Seit dem Jahr 2005 hat sich das Rentensystem grundlegend geändert. Bis dahin mussten Arbeitnehmer ihre Rentenversicherungsbeiträge aus bereits versteuertem Einkommen bezahlen, was bedeutete, dass der größte Teil der Rente dann von der Steuer befreit war. Dieser Vorgang hieß vorgelagerte Besteuerung. Daraus resultieren allerdings die Problematiken der Doppelbesteuerung.
Das Bundesverfassungsgericht entschied im März 2002, dass der Umstieg auf die nachgelagerte Rentenbesteuerung vollzogen werden muss. So wie es bei Pensionären, also Beamten im Ruhestand, immer schon der Fall war.

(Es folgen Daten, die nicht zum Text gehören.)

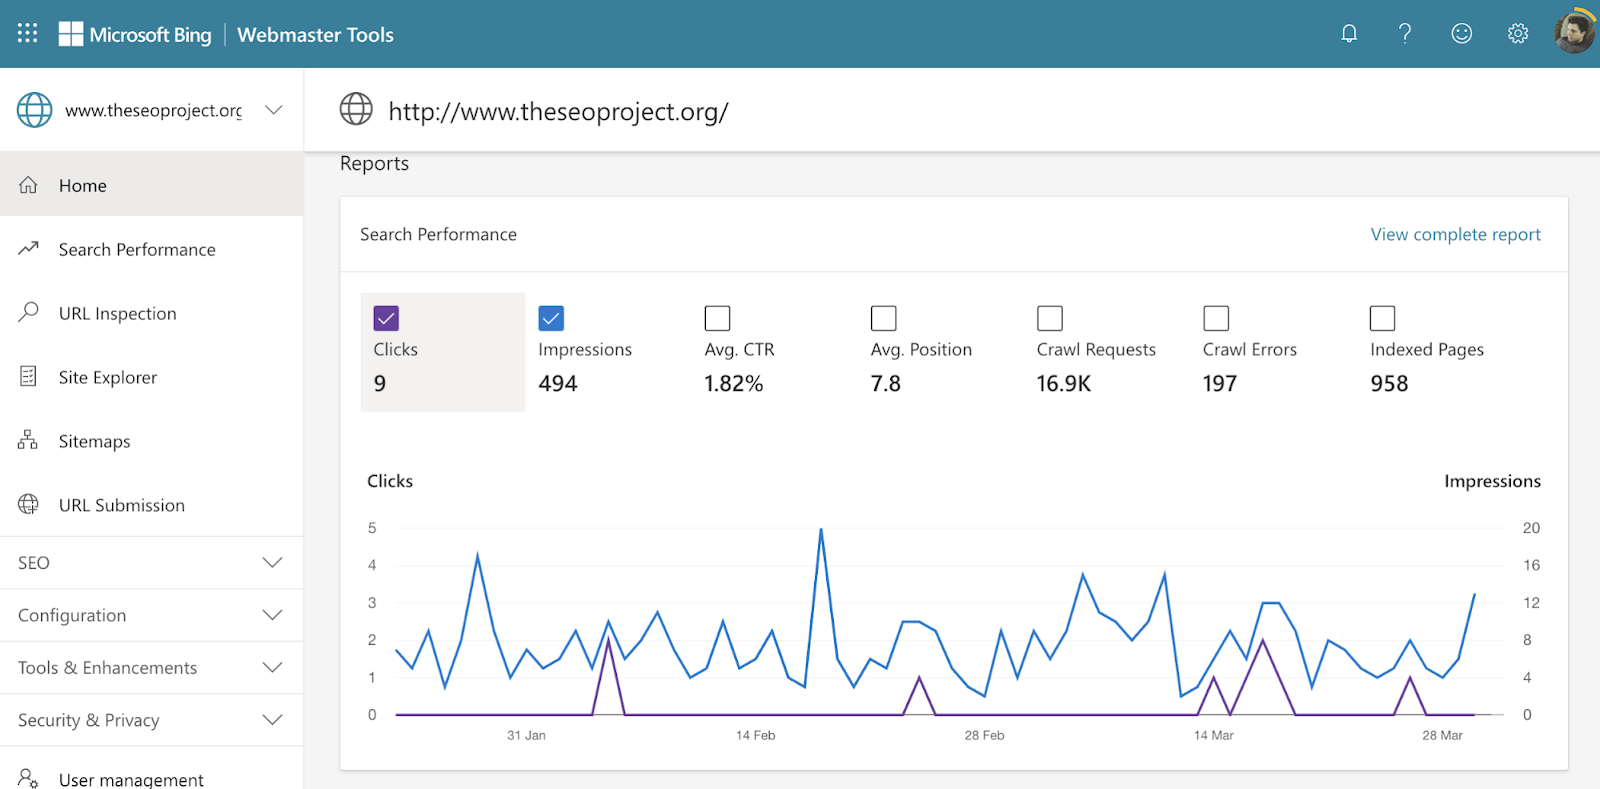 Bing Webmaster Tools' Search Performance report
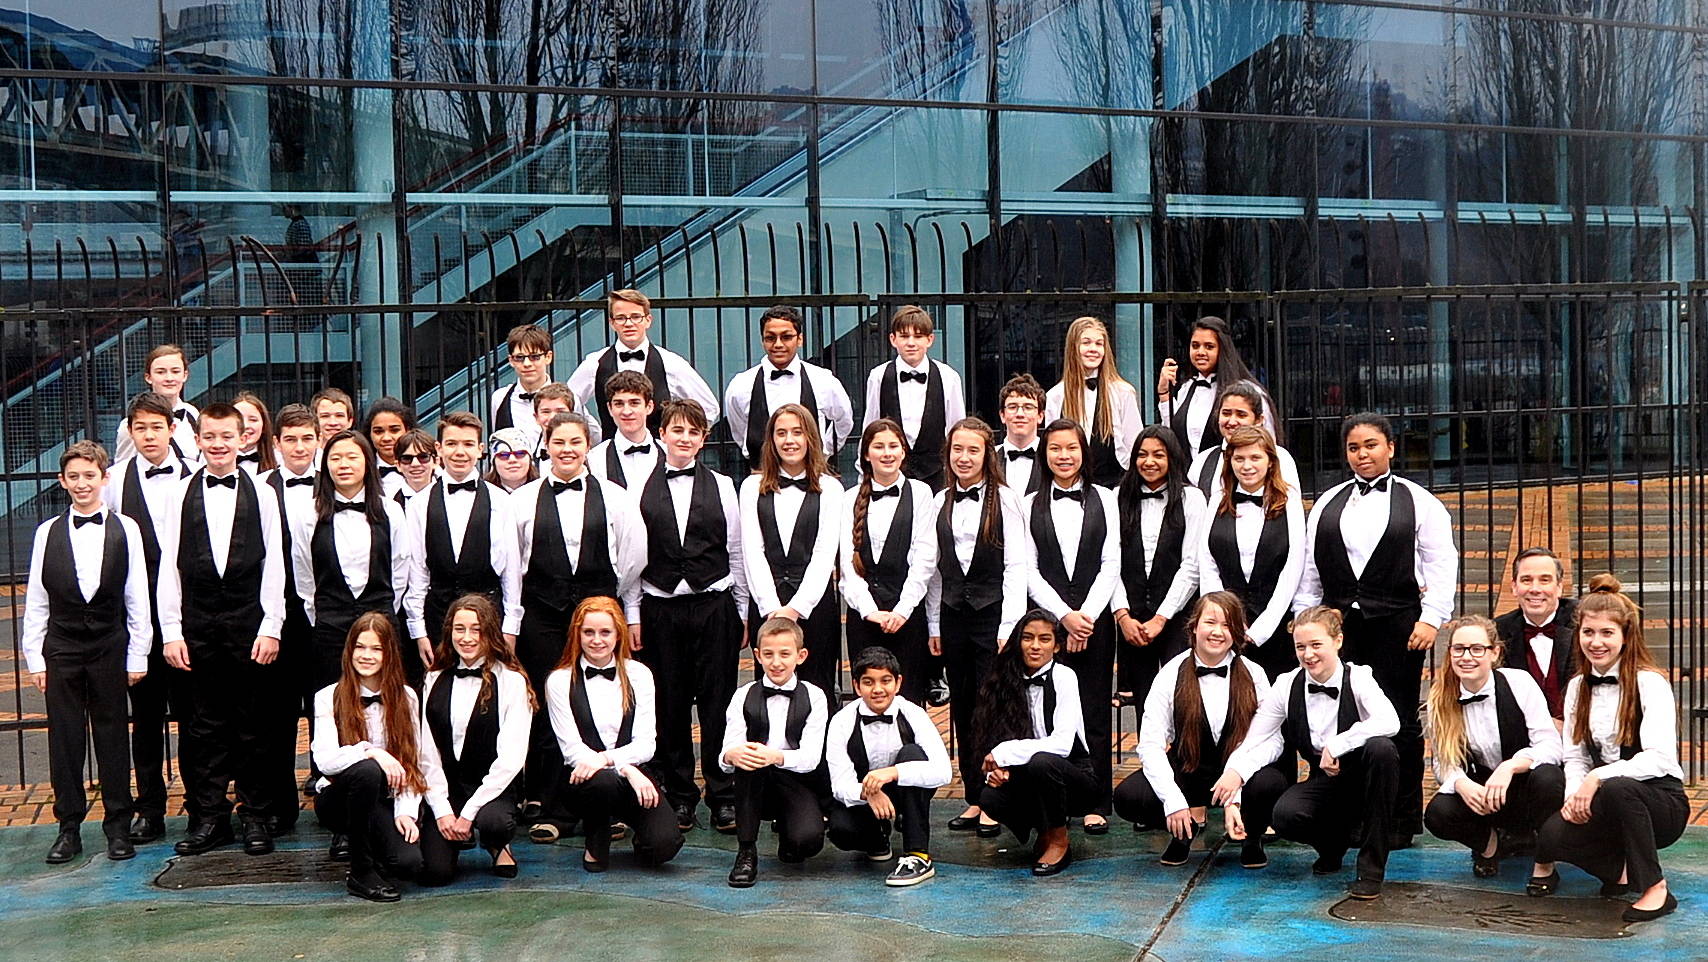 Kirkland middle school band students to perform with the Alchemy Tap Project

Das Alterseinkünftegesetz regelt seit 2005 schrittweise einen Umbau, der bis zum Jahr 2040 andauern wird. Seither erhöht sich jährlich sowohl der Anteil der steuerpflichtigen Rente als auch die Anzahl der Rentenversicherungsbeiträge, die als Vorsorgeaufwendungen steuerlich geltend gemacht werden können.
Das Problem wurde schlichtweg nicht als Problem erkannt
Es war bereits 2007 offensichtlich, dass die Kombination des neuen Rentensystems mit einem höheren Renteneintrittsalter bei einzelnen Personen zu einer Doppelbesteuerung der Rente führen könnte. Etwas, das 2002 vom Bundesverfassungsgericht als nicht akzeptabel bezeichnet wurde. Trotzdem reagierte die Politik lange Zeit nicht darauf.
Der damalige Finanzminister Olaf Scholz (SPD) bekräftigte 2019, dass es keine unmittelbare Notwendigkeit gab, das Alterseinkünftegesetz hinsichtlich der Rentenbesteuerung zu ändern. Diese Meinung wurde jedoch durch die rechtlichen Entscheidungen des Bundesfinanzhofs im Jahr 2021 so stark in Frage gestellt, dass die Politik schließlich, im Jahr 2023, eine Anpassung des entsprechenden Gesetzes anzustreben plant.